Repeat what the lines below say, word for word, and skip every image.

▶ [DATA SEGMENT]
·····

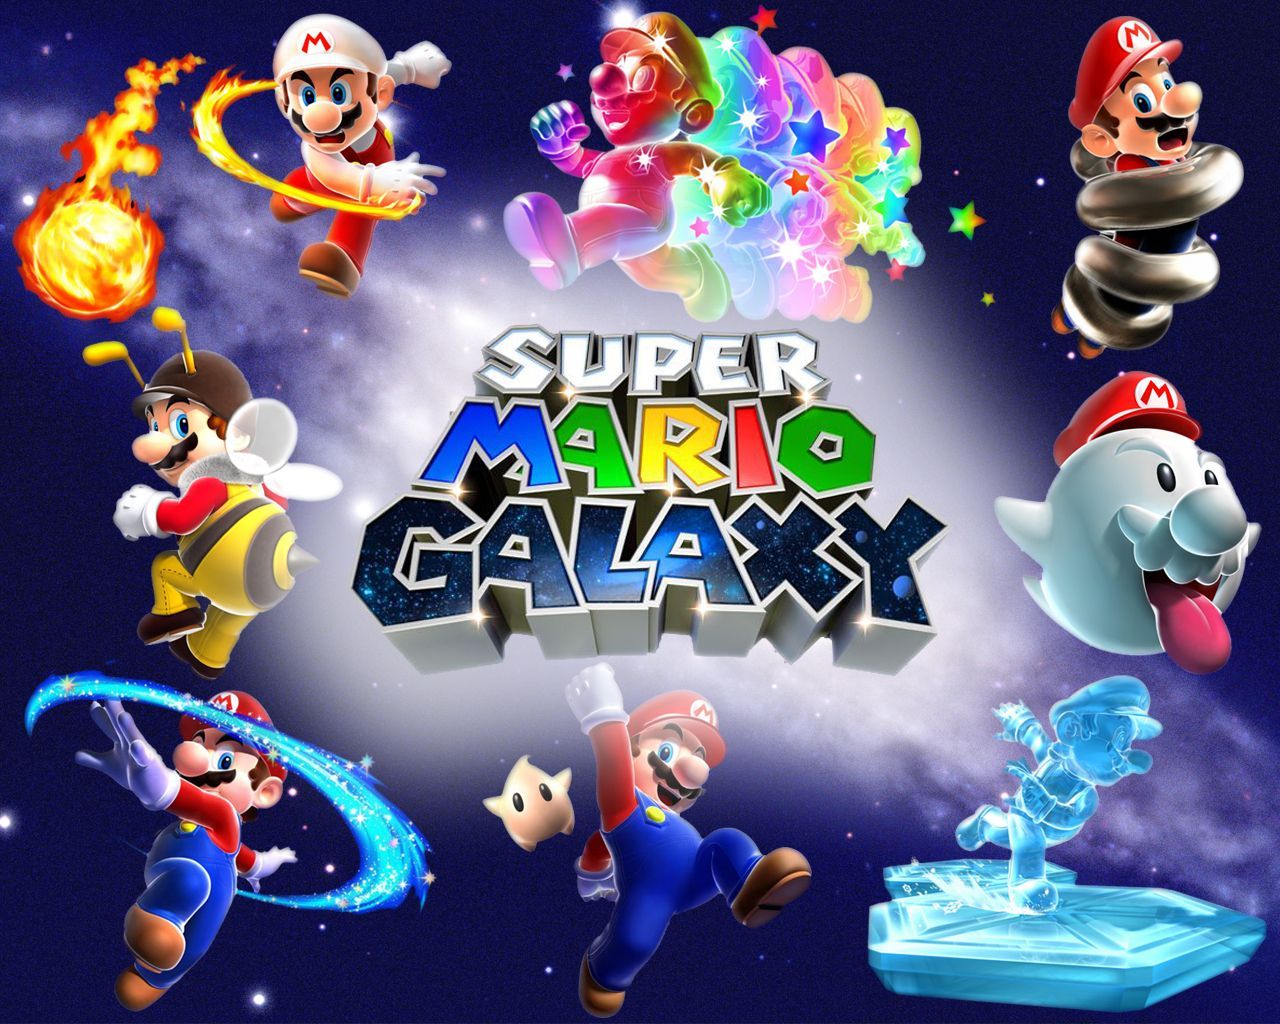 SUPER MARIO GALAXY. Super mario galaxy, Super mario, Super mario games
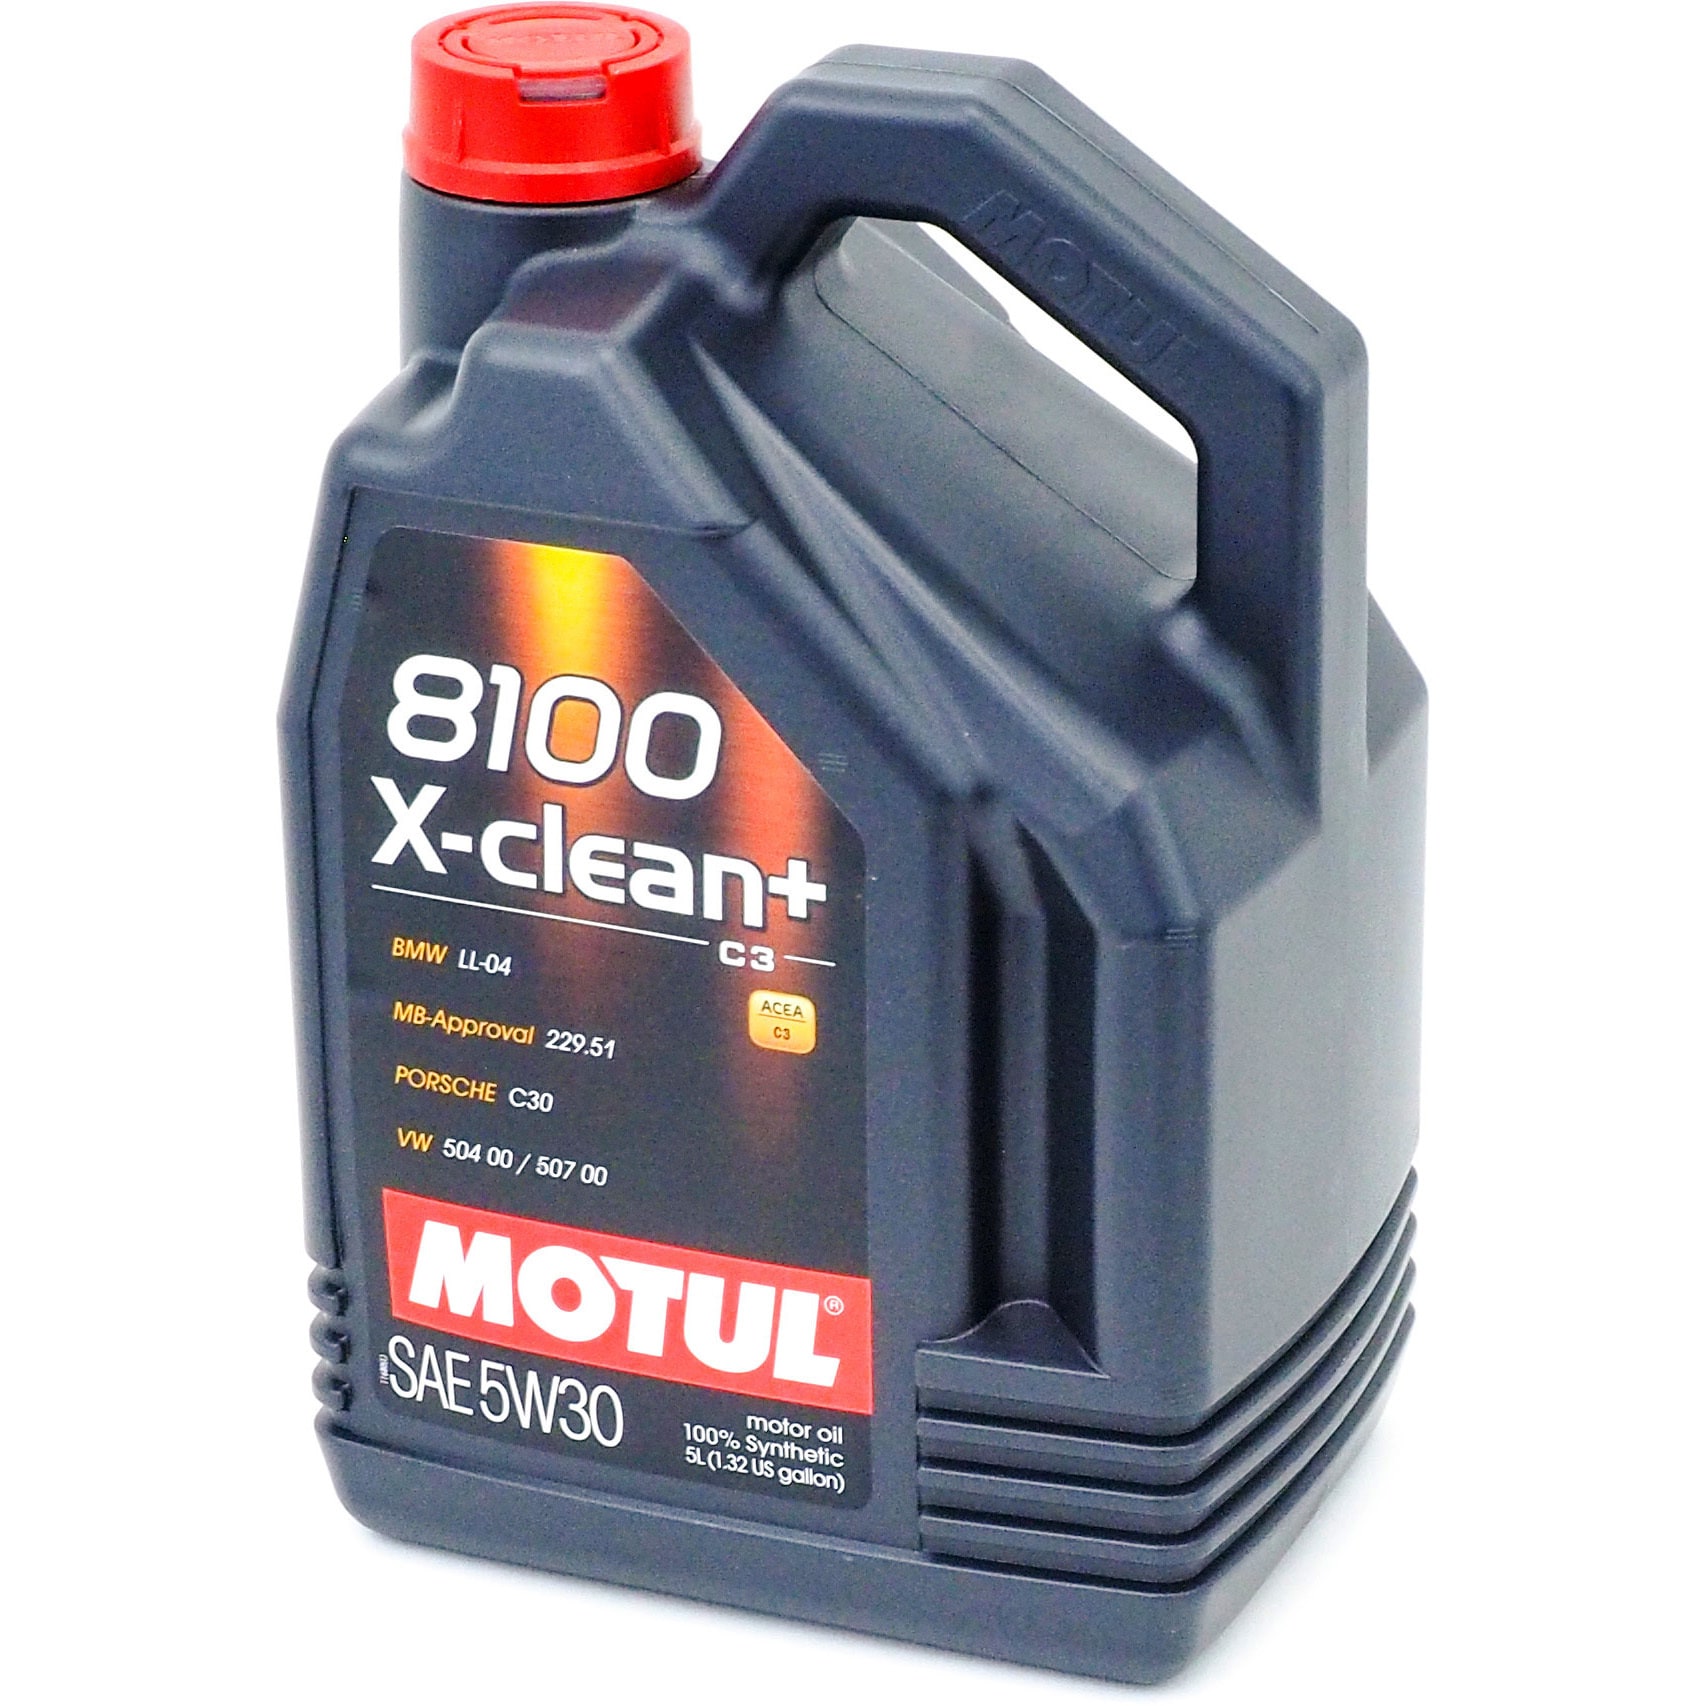 Motul 5W30 8100 X-Clean+ Engine Oil (BMW, Porsche, Mercedes, Volkswagen)  20L
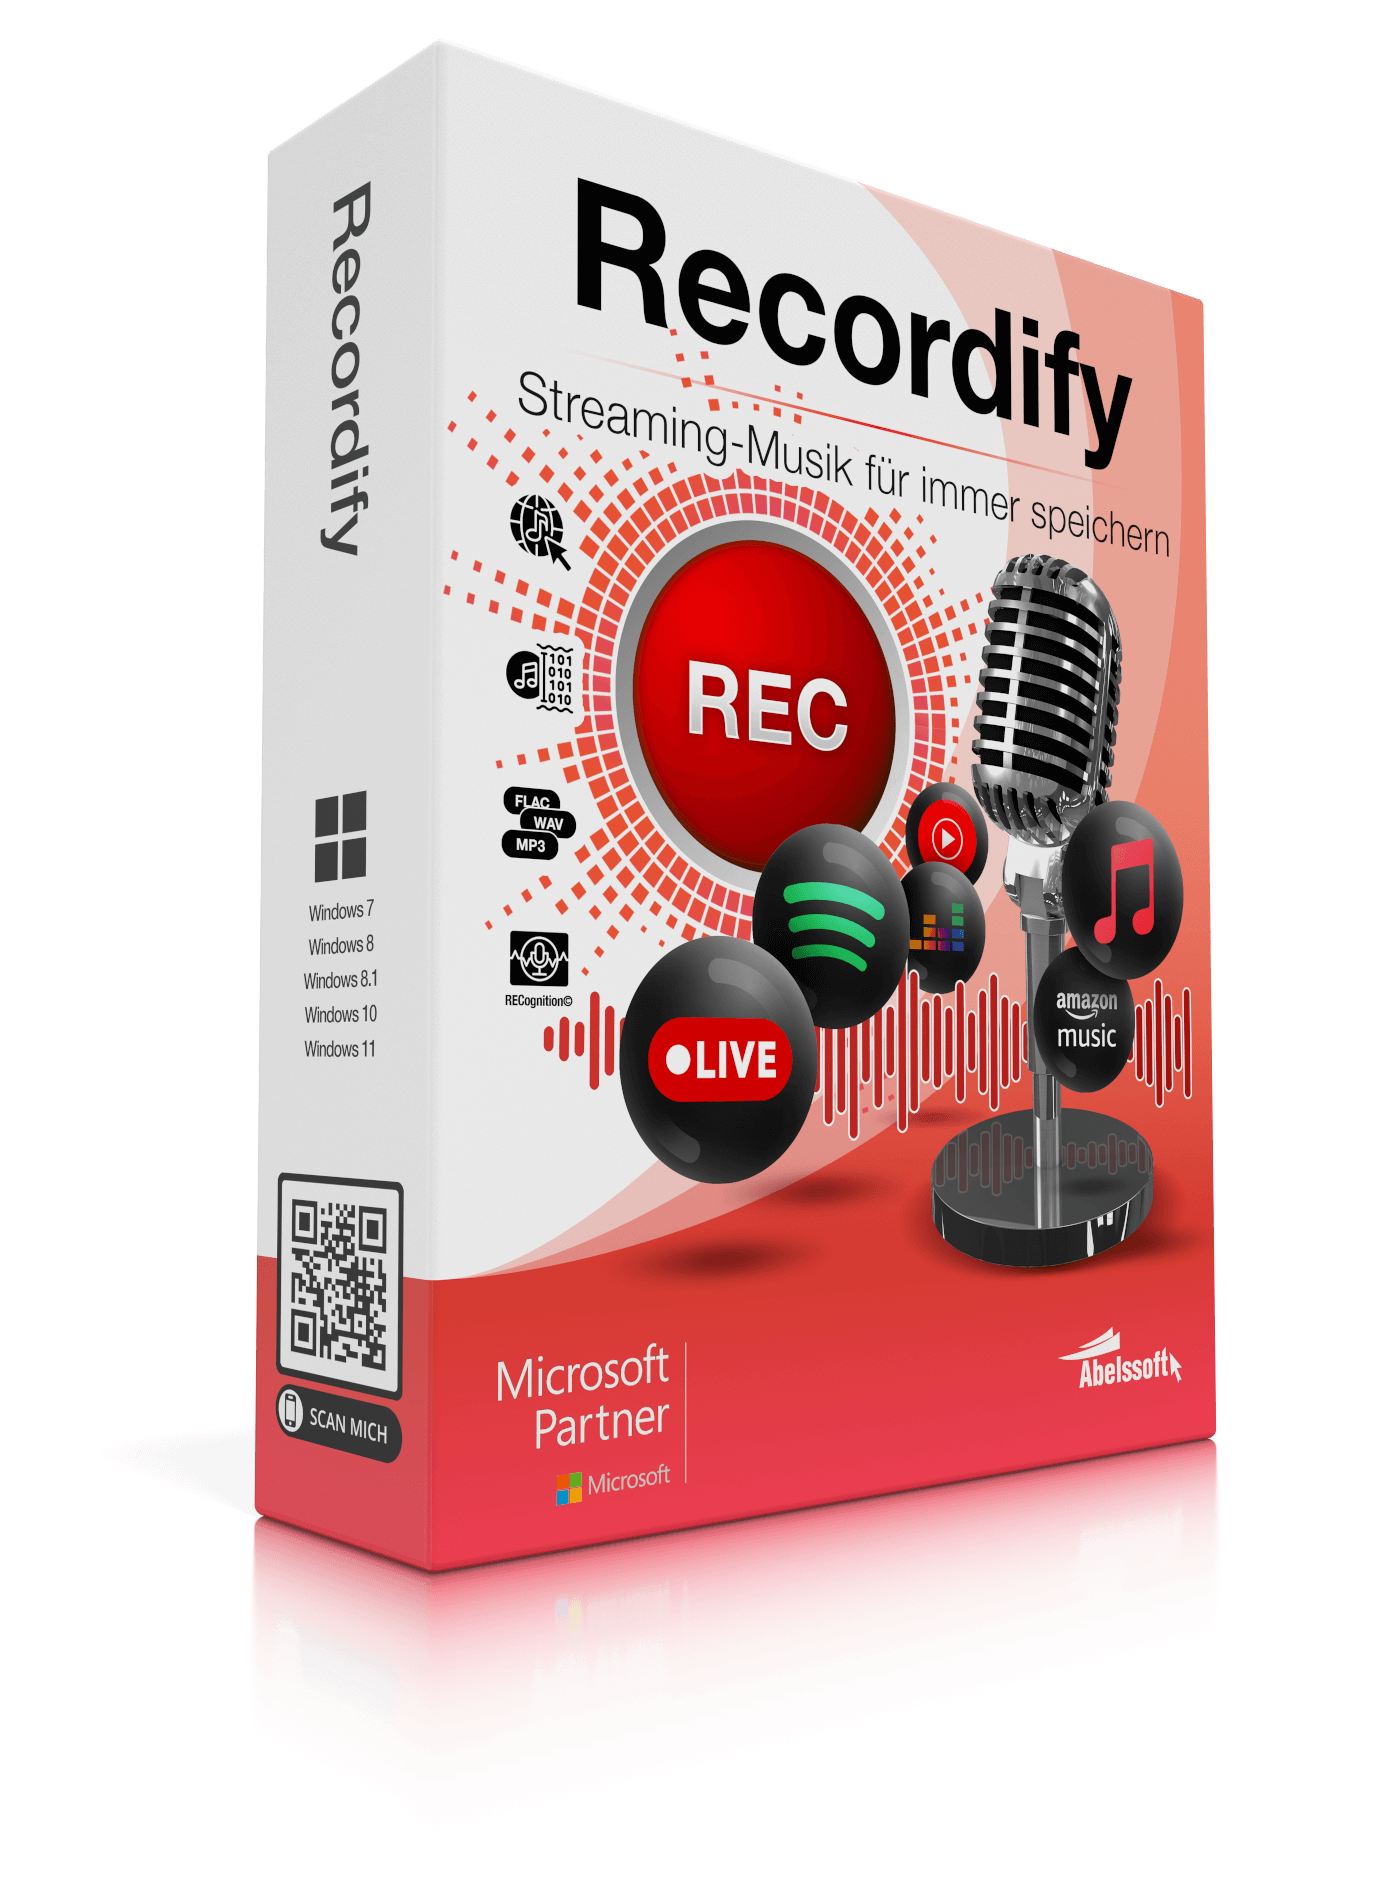 Recordify

·····

▶ [WRITTEN ANSWER]
 SUPER MARIO GALAXY. Super mario galaxy, Super mario, Super mario games
 Motul 5W30 8100 X-Clean+ Engine Oil (BMW, Porsche, Mercedes, Volkswagen)  20L
 Recordify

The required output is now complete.